WHAT THE TASK ASKS: Make an exact copy, from the records below, of the lines from the line containing "Länge: Start: Hannover-Badenstzedt" to the line containing "cavalcare su due", both lines included, excluding pictures.

EXTRACTED DATA:
· · · · ·

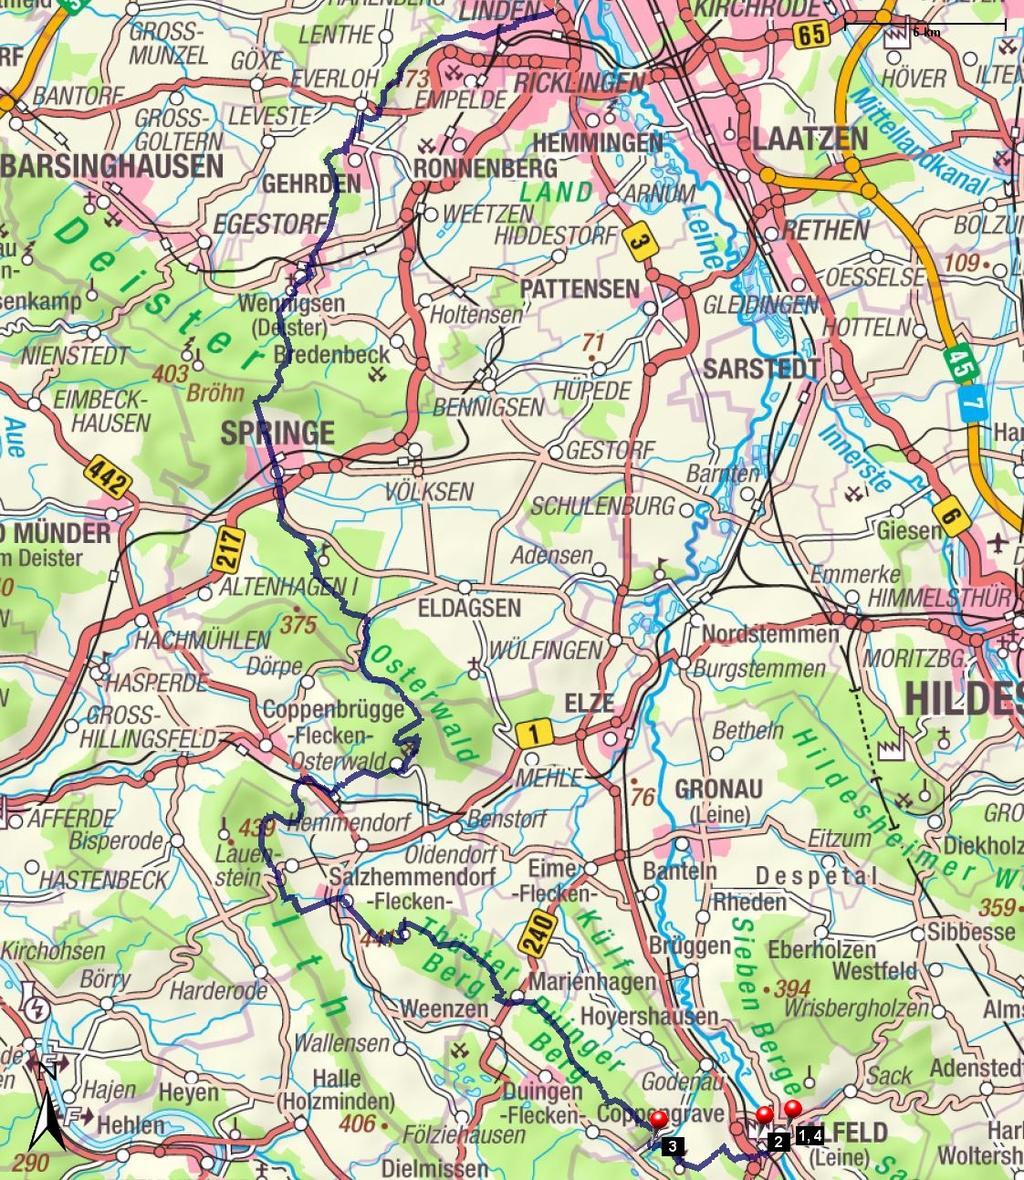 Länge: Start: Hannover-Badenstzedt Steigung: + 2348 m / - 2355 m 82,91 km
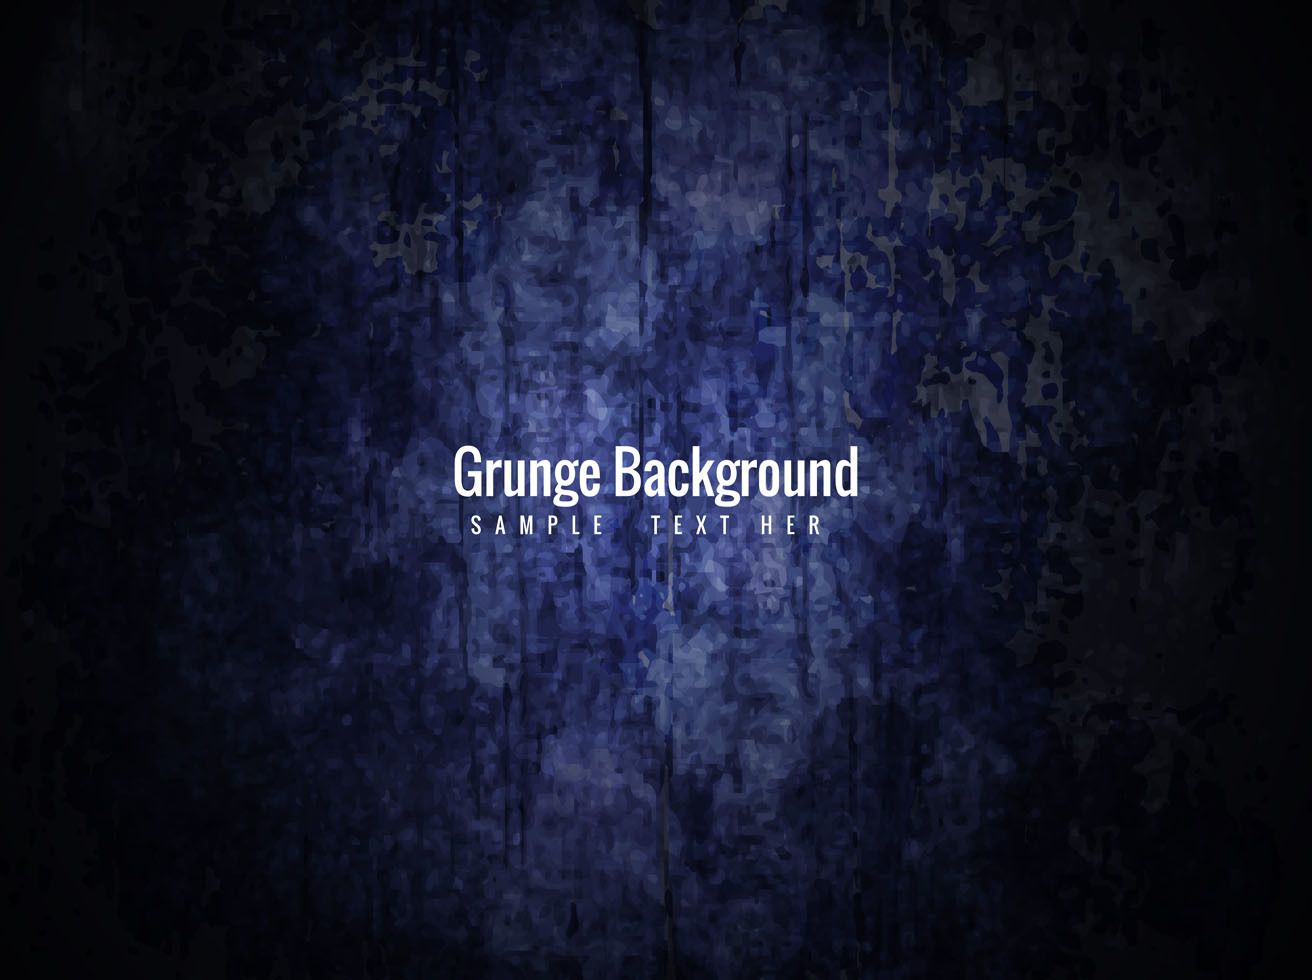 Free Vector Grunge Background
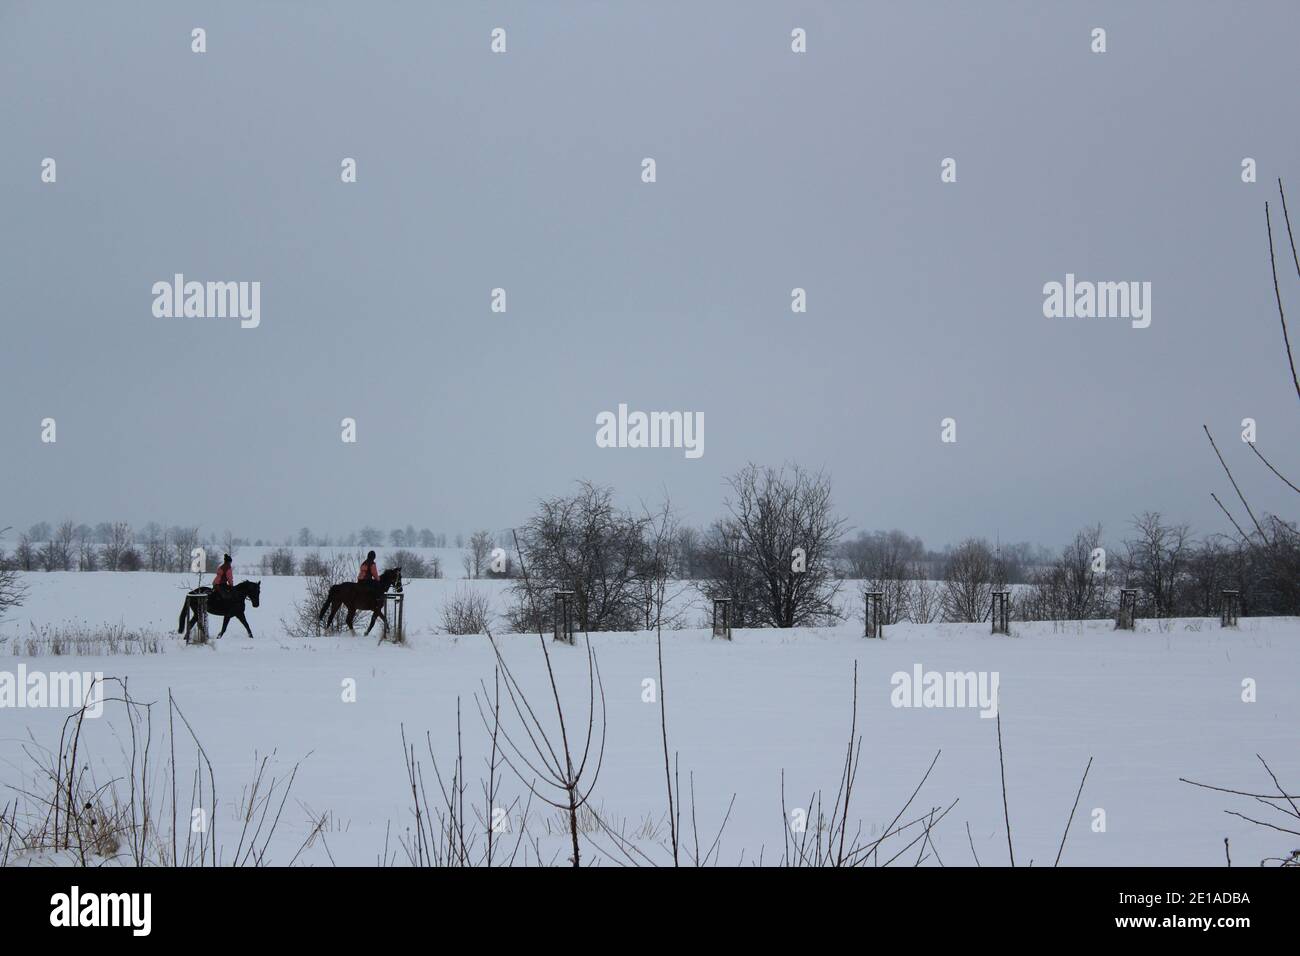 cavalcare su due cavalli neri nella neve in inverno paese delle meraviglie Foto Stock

· · · · ·

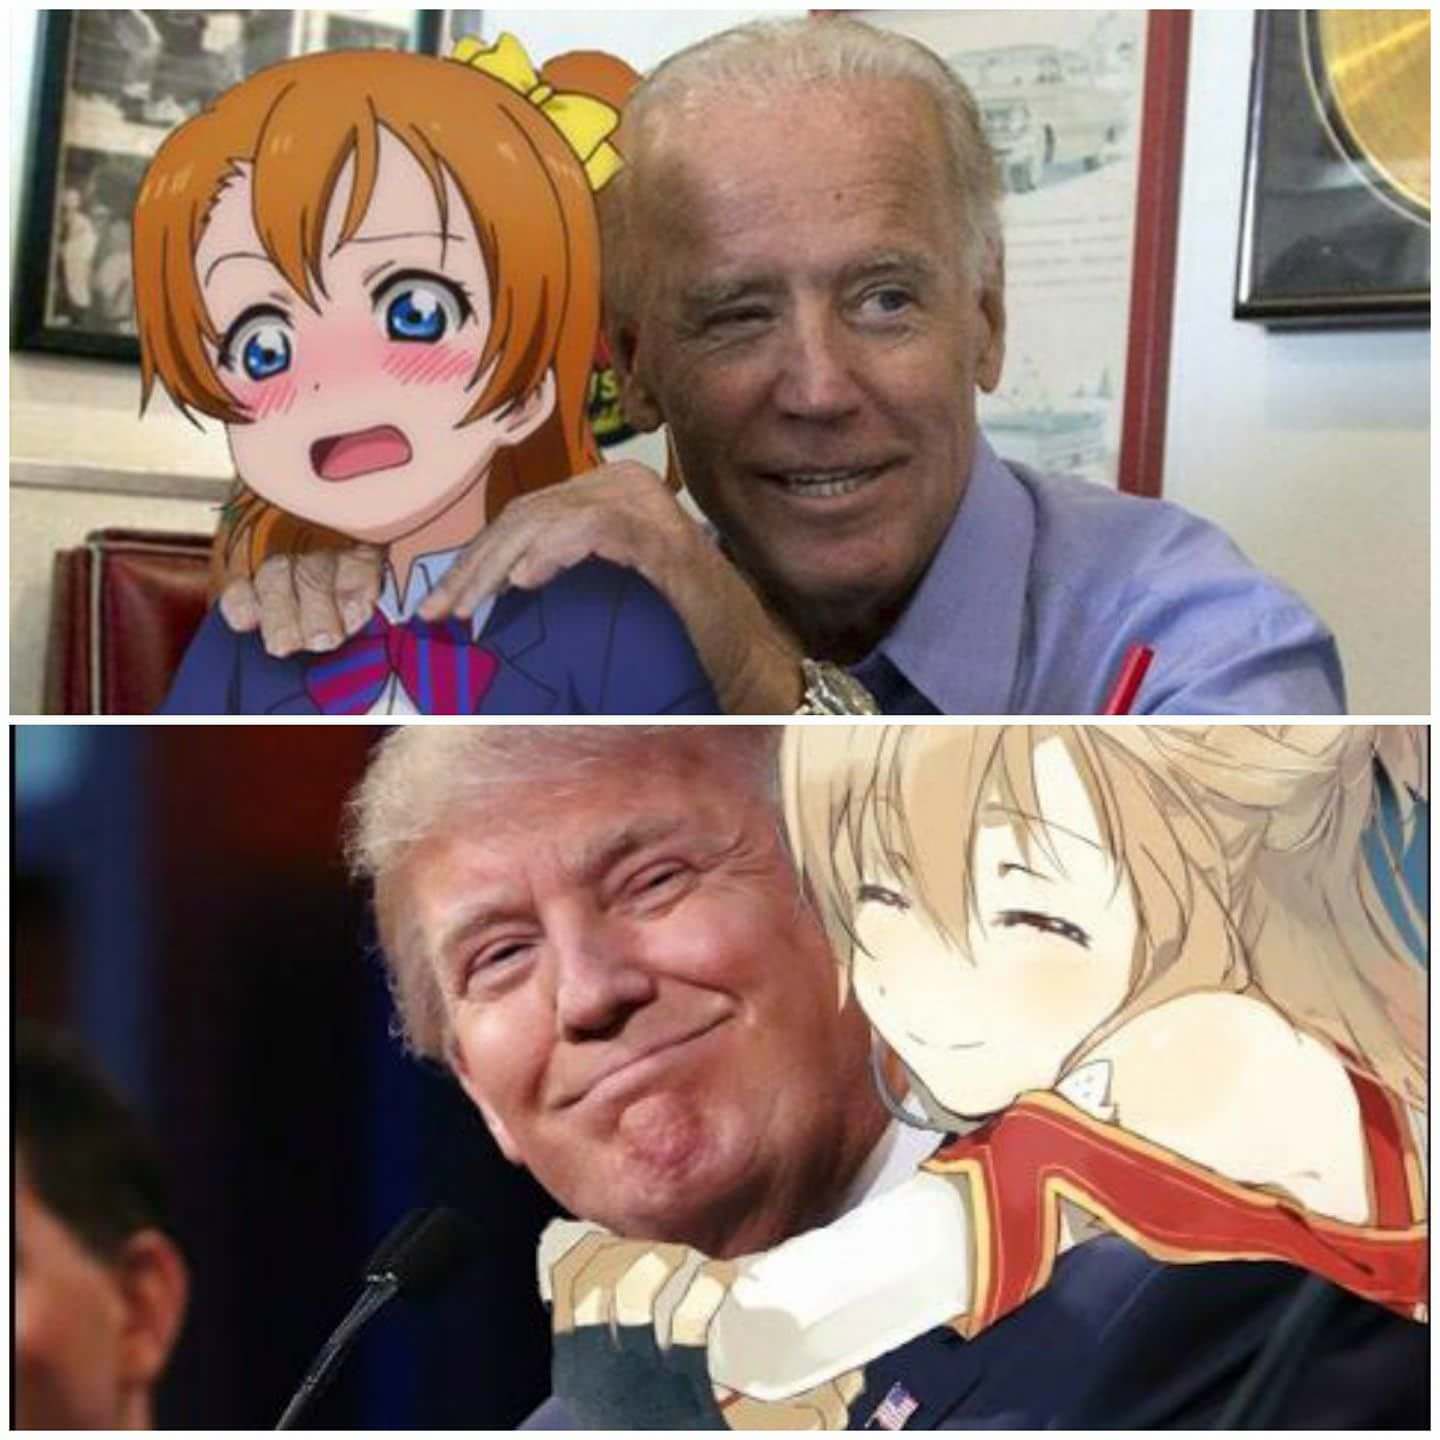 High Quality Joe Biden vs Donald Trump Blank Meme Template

· · · · ·

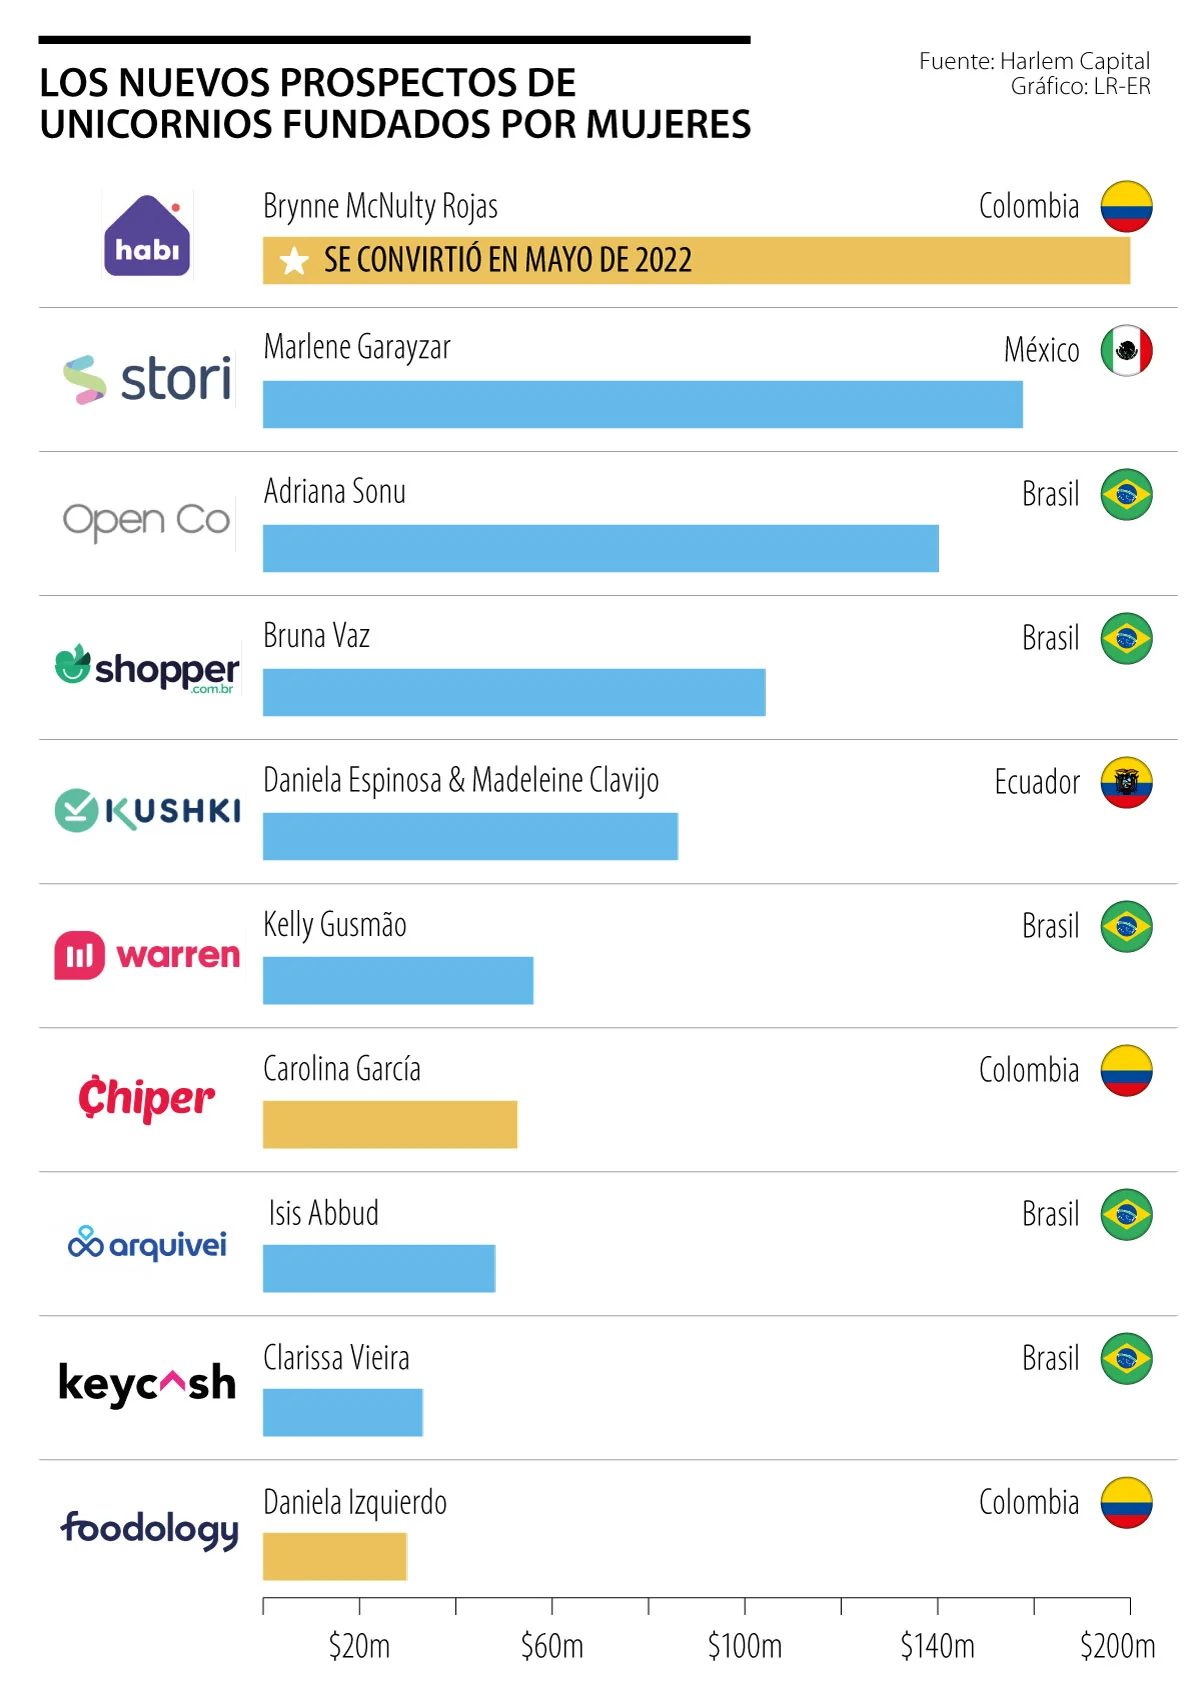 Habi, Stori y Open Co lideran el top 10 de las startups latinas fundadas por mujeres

· · · · ·

TASK RESPONSE:
 Länge: Start: Hannover-Badenstzedt Steigung: + 2348 m / - 2355 m 82,91 km
 Free Vector Grunge Background
 cavalcare su due cavalli neri nella neve in inverno paese delle meraviglie Foto Stock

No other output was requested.